Masjid mempunyai kedudukan yang begitu penting dalam masyarakat,
dalam menjalankan kehidupan bermasyarakat sekaligus sebagai masyarakat sosial
maka sebagai manusia yang beriman dan bertaqwa harus mampu mewujudkan
harus mempunyai rasa solidaritas yang tinggi kepada sesama umat manusia baik
dalam keadaan muslim maupun non muslim, semua ini merupakan modal yang
amat besar demi terciptanya masyarakat yang ideal. Saling tolong menolong
dalam kebaikan dan taqwa serta mampu membuktikan kehidupan yang senasib
dan seperjuangan adalah salah satu ciri utama masyarakat islam yang sejati dalam
terciptanya ukhuwah islamiyah yang kuat dengan sesamanya.
60
Nilai kebaikan solidaritas dalam Al-Quran berbunyi: “… Dan tolong-
menolonglah kamu dalam kebaikan dan takwa, dan jangan tolong-menolong
dalam berbuat dosa dan pelanggaran. Dan bertakwalah kamu kepada Allah,
sesungguhnya Allah amat berat siksa-Nya”. (QS. Al-Maidah: 2).

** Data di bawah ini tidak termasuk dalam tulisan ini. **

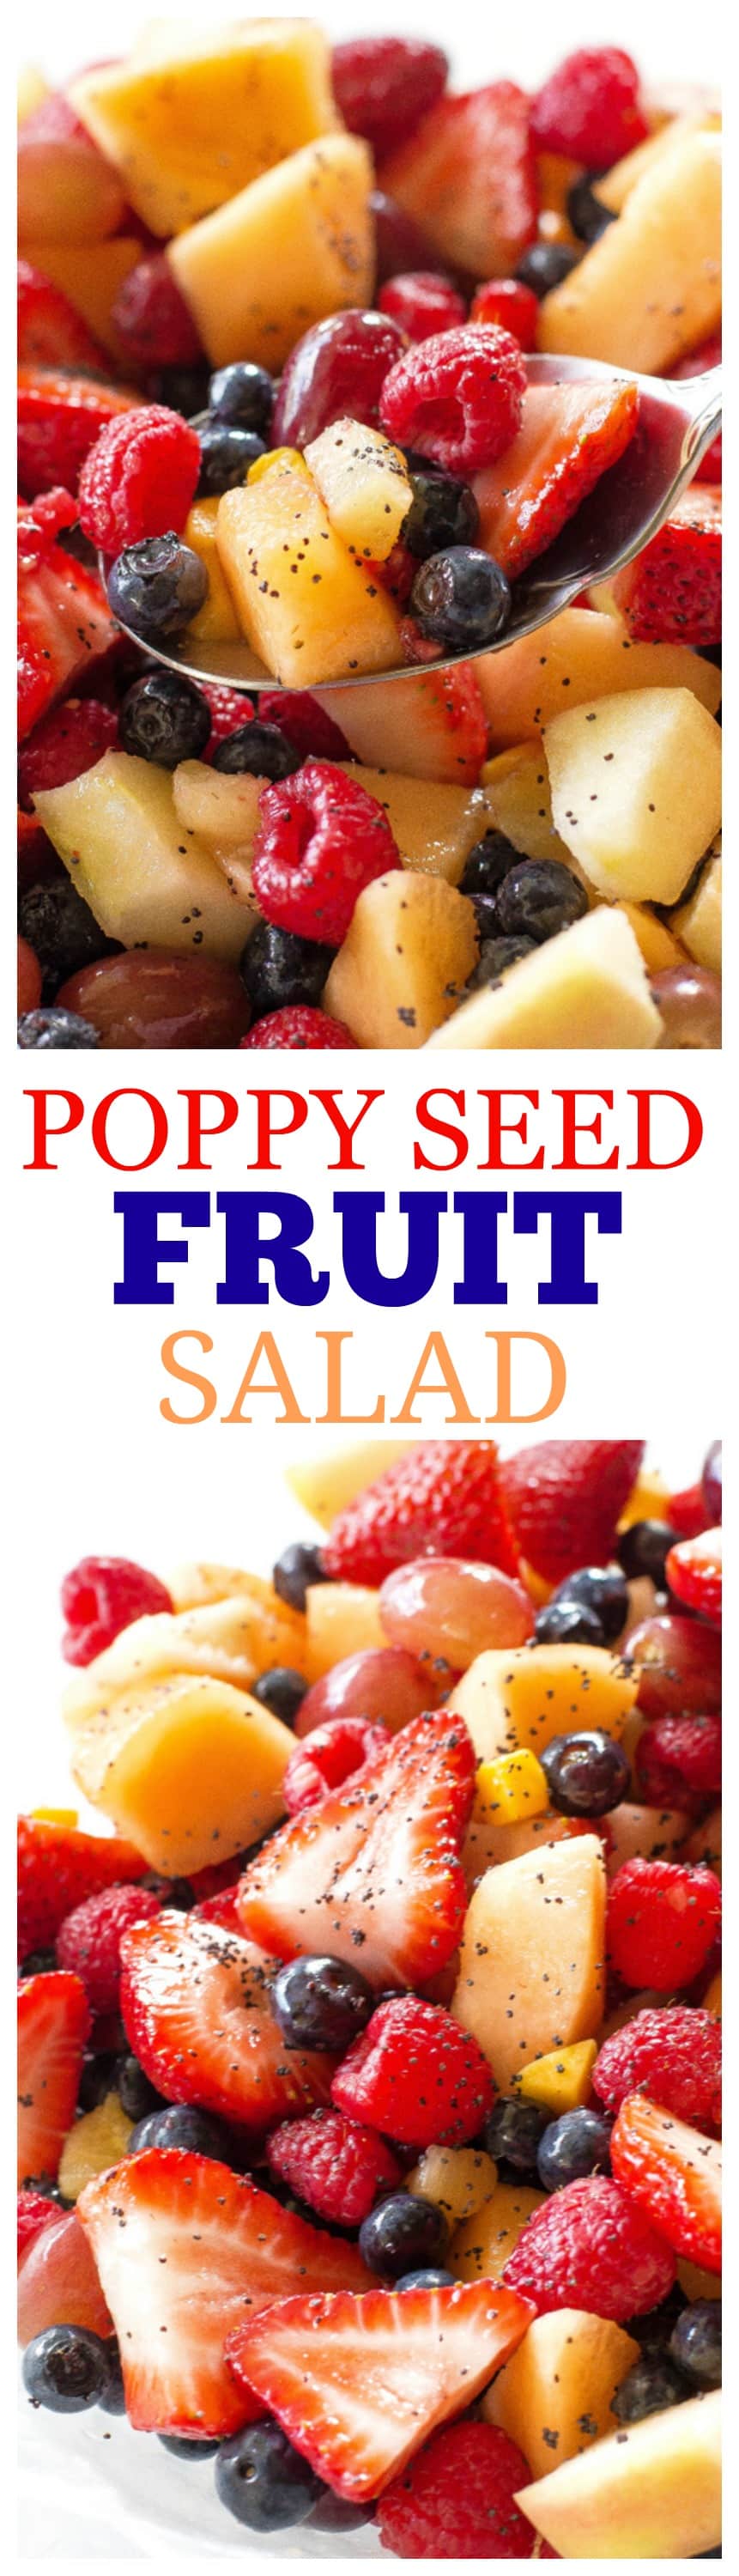 Poppy Seed Fruit Salad - sweet with a bright citrus flavor, honey, and a little bit of ginger. #poppy #seed #fruit #salad #recipe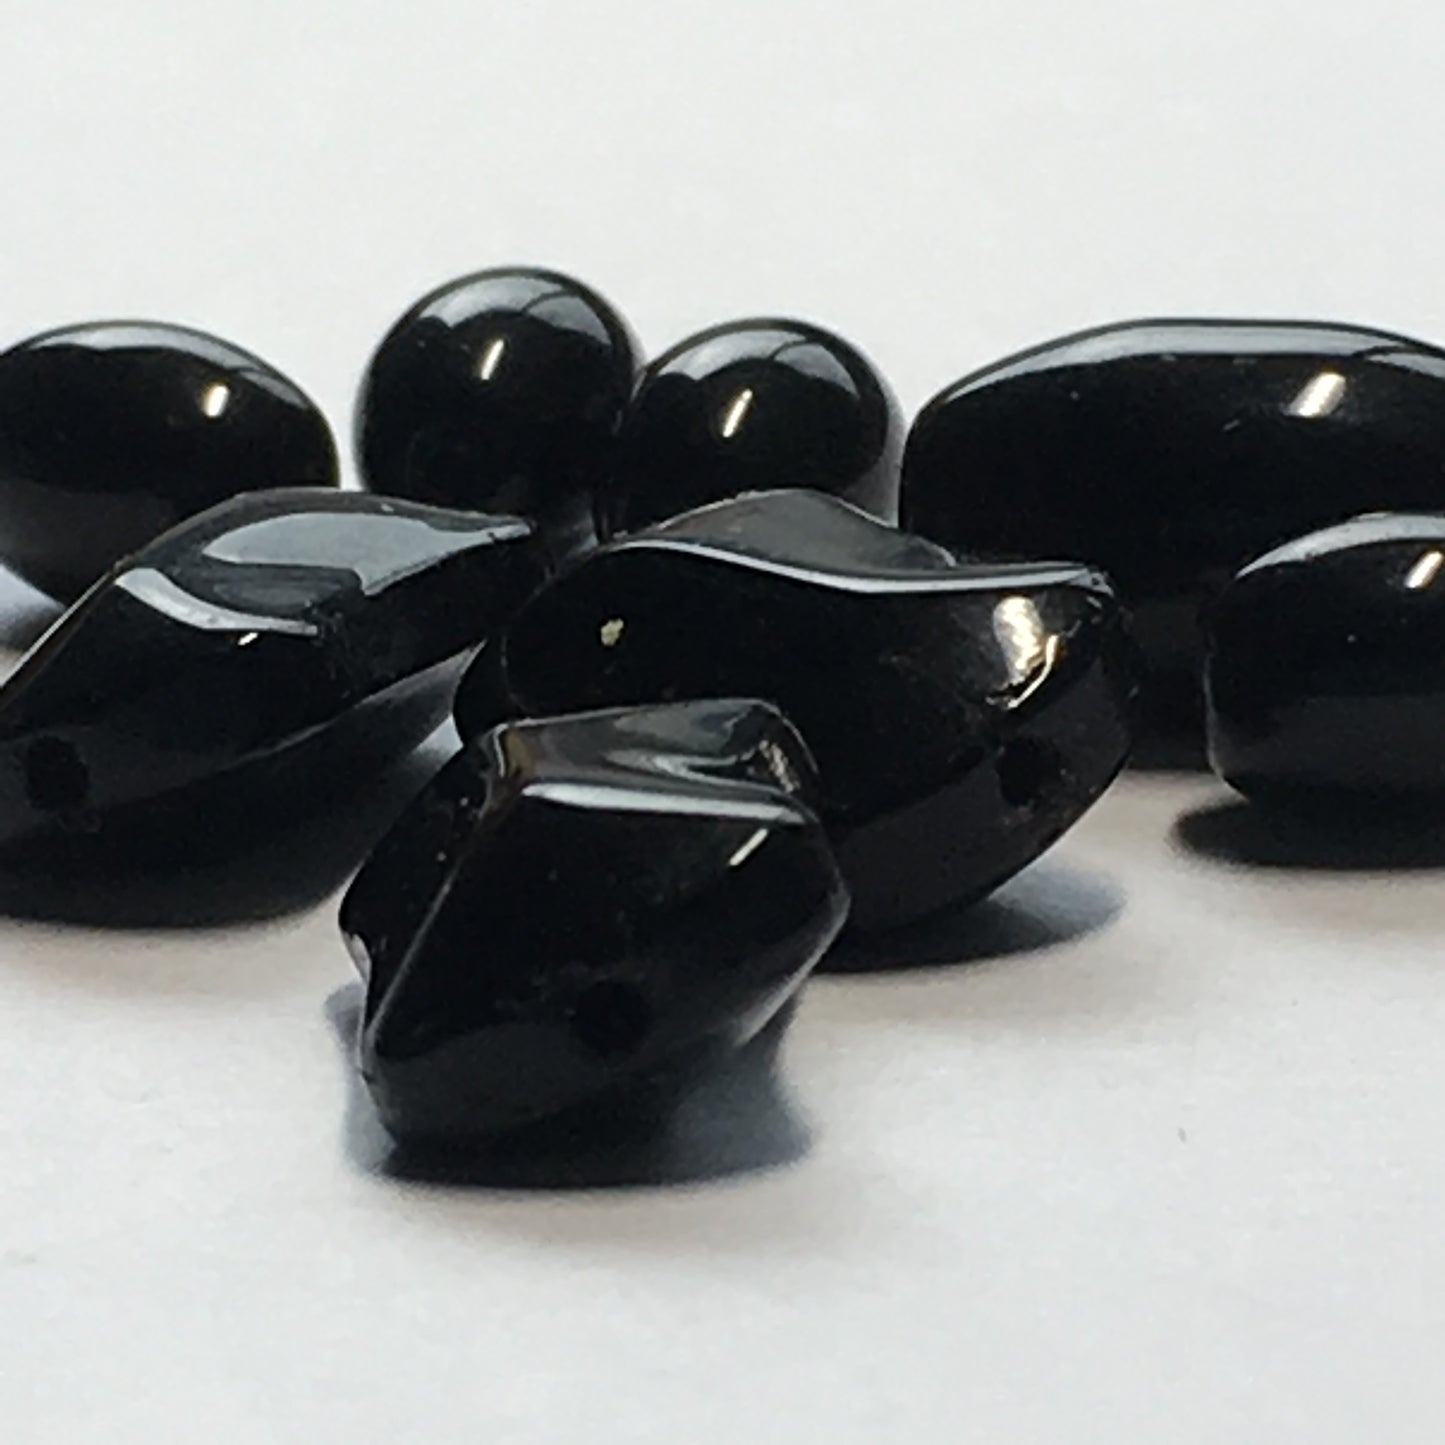 Opaque Black Glass, Oval and Pinched Rectangle Beads, 13 x 8, 8 x 6 and 14 x 9 x 6 mm, 8 Beads

Inilah pondasi nilai Islam yang merupakan sistem sosial, dimana
dengannya martabat manusia terjaga, begitu juga akan mendatangkan kebaikan
bagi pribadi, masyarakat dan kemanusiaan tanpa membedakan suku, bahasa dan
agama. Solidaritas juga tercermin dalam Hadits: “Saya (Rasulullah SAW) dan
pengayom, pelindung anak yatim di surga seperti dua ini, lalu Rasulullah SAW
memberikan isarat dengan jari telunjuk dan tengah” (HR At-Tirmidzi).
Maksudnya orang yang suka memberikan pertolongan kepada anak yatim, nanti di
surga akan berdekatan dengan Rasulullah SAW, seperti jari telunjuk dan tengah.
Dalam Hadis lain dijelaskan juga (solidaritas) selain kepada anak yatim. Bagi
yang mampu melakukan aksi solidaritas tetapi tidak melaksanakannya, maka
orang tersebut telah mendustakan agama seperti terungkap dalam firman Allah
SWT: “Tahukah kamu orang yang mendustakan agama ?. Itulah orang yang
menghardik anak yatim dan tidak menganjurkan memberi makan orang miskin.
Maka kecelakaanlah bagi orang-orang yang shalat, (yaitu) orang-orang yang
lalai dari shalatnya, orang-orang yang berbuat riya dan enggan barang berguna
(tolong menolong)”. (QS. Al-Maauun : 1-7).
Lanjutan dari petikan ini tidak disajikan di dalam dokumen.